Your assignment: Your task is to give the data again, exactly, with every line intact.

Information:
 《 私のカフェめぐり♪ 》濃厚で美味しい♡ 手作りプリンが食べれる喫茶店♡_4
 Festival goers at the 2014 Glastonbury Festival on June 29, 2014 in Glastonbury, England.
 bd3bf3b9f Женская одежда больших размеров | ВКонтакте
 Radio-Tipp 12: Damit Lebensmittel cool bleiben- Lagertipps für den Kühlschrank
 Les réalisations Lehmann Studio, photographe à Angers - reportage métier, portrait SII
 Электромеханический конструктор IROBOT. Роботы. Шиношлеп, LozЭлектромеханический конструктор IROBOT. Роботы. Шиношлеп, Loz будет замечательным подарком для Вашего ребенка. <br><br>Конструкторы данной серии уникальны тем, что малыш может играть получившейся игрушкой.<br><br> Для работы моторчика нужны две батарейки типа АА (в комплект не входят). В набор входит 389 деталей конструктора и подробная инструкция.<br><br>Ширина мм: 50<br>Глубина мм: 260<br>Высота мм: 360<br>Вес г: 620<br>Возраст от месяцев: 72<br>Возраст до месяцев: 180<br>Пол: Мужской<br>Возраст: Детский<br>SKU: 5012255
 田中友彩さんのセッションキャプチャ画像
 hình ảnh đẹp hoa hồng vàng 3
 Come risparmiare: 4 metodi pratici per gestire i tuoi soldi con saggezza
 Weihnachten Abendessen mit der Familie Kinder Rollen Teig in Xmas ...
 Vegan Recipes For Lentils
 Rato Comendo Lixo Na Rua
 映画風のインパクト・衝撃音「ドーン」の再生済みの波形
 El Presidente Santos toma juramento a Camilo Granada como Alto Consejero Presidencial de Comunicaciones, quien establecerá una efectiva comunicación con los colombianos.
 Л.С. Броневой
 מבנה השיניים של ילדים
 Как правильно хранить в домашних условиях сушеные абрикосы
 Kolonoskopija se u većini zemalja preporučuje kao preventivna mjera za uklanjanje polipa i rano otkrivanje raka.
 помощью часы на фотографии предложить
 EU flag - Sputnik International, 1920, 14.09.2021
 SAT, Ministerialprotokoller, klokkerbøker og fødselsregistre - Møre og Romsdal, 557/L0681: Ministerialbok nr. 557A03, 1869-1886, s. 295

Result of the exercise:
 《 私のカフェめぐり♪ 》濃厚で美味しい♡ 手作りプリンが食べれる喫茶店♡_4
 Festival goers at the 2014 Glastonbury Festival on June 29, 2014 in Glastonbury, England.
 bd3bf3b9f Женская одежда больших размеров | ВКонтакте
 Radio-Tipp 12: Damit Lebensmittel cool bleiben- Lagertipps für den Kühlschrank
 Les réalisations Lehmann Studio, photographe à Angers - reportage métier, portrait SII
 Электромеханический конструктор IROBOT. Роботы. Шиношлеп, LozЭлектромеханический конструктор IROBOT. Роботы. Шиношлеп, Loz будет замечательным подарком для Вашего ребенка. <br><br>Конструкторы данной серии уникальны тем, что малыш может играть получившейся игрушкой.<br><br> Для работы моторчика нужны две батарейки типа АА (в комплект не входят). В набор входит 389 деталей конструктора и подробная инструкция.<br><br>Ширина мм: 50<br>Глубина мм: 260<br>Высота мм: 360<br>Вес г: 620<br>Возраст от месяцев: 72<br>Возраст до месяцев: 180<br>Пол: Мужской<br>Возраст: Детский<br>SKU: 5012255
 田中友彩さんのセッションキャプチャ画像
 hình ảnh đẹp hoa hồng vàng 3
 Come risparmiare: 4 metodi pratici per gestire i tuoi soldi con saggezza
 Weihnachten Abendessen mit der Familie Kinder Rollen Teig in Xmas ...
 Vegan Recipes For Lentils
 Rato Comendo Lixo Na Rua
 映画風のインパクト・衝撃音「ドーン」の再生済みの波形
 El Presidente Santos toma juramento a Camilo Granada como Alto Consejero Presidencial de Comunicaciones, quien establecerá una efectiva comunicación con los colombianos.
 Л.С. Броневой
 מבנה השיניים של ילדים
 Как правильно хранить в домашних условиях сушеные абрикосы
 Kolonoskopija se u većini zemalja preporučuje kao preventivna mjera za uklanjanje polipa i rano otkrivanje raka.
 помощью часы на фотографии предложить
 EU flag - Sputnik International, 1920, 14.09.2021
 SAT, Ministerialprotokoller, klokkerbøker og fødselsregistre - Møre og Romsdal, 557/L0681: Ministerialbok nr. 557A03, 1869-1886, s. 295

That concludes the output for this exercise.